We achieve this in the classroom by encouraging students to ask "Why?" Students must sharpen their curiosity if they are to navigate through the information they encounter every day. This requires them to develop a higher level of critical thinking. Students must be able to analyze and evaluate information before they can successfully synthesize and use it for their own purposes.

The Internet turns us – sometimes unwittingly – into global citizens. It can be difficult for a young person to grasp the size and scope of the virtual world that they enter when they interact over the Internet.  

Individuals now wield an unprecedented power: the power to communicate their thoughts – constructive or otherwise – to a mass audience. The home computer is just one of the many ways we can communicate to a group of hundreds, if not thousands, of people. Mobile digital devices can fit in the pocket (or the backpack) and allow immediate access to a seemingly unlimited world.

Parents and educators must guide young people to develop a sense of personal responsibility over the tools that are, and soon will be, available to them. Emerging technologies are important, but are still secondary to the importance of personal responsibility, self-awareness and the ability to maintain healthy relationships with the people and world around us. 

Technologies are just conduits of information.  While they allow us to communicate, create, help and hurt with increasing ease and speed, the material itself still comes from people.    

Students, therefore, must learn to be master communicators. For many years, we focused on the importance of body language and the adage, "It's not what you say, but how you say it." Now, when so much communication occurs without the elements of visual contact and vocal inflections, we must also focus on replacing them with new ways in which to relay and receive information. The nuances of voice and body language are, at times, absent and a simple e-mail message can easily be misconstrued if not crafted with care.

Gone are the days in which a specific skill set will serve someone over the course of a career. We all require continuous upgrading, training and re-training in order to remain viable in an ever-chaining work environment.

Today's student must acquire the tools and appreciation for learning that will serve them as they grow into successful adults in the workforce.

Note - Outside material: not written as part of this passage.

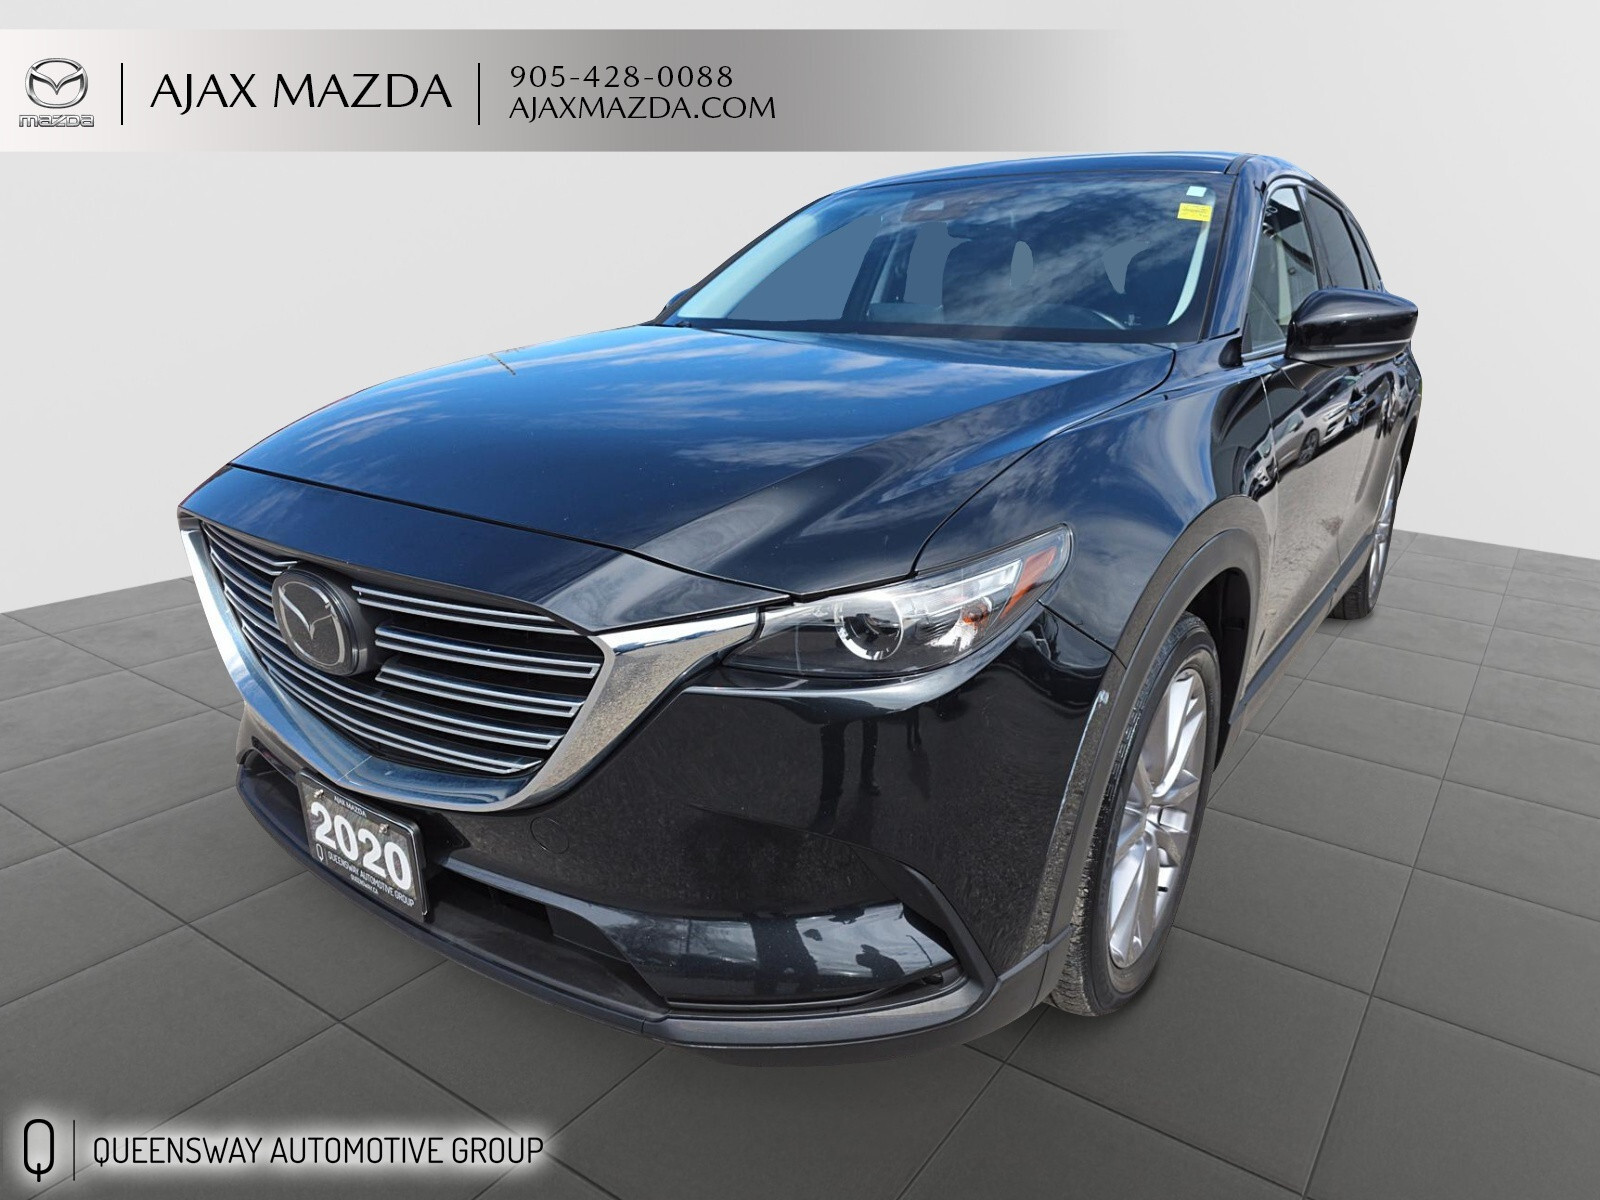 2020 Mazda CX-9 Luxury

The habits, skills and attitudes towards learning that young people develop early on will serve them throughout their lives. This means that, in the long run, how they learn might actually be more important than what they learn. In order for us to truly serve these future adults, we must guide them to become the best learners they can. 

Of course, we can't truly know what the future will bring. As it has been said, we are educating many students who will work in jobs that don't even exist yet. We must, however, keep our eyes on emerging trends, and our minds rooted firmly in where our students are going to be.

Adam Gelmon is a Vancouver freelance writer and a teacher at Vancouver Talmud Torah.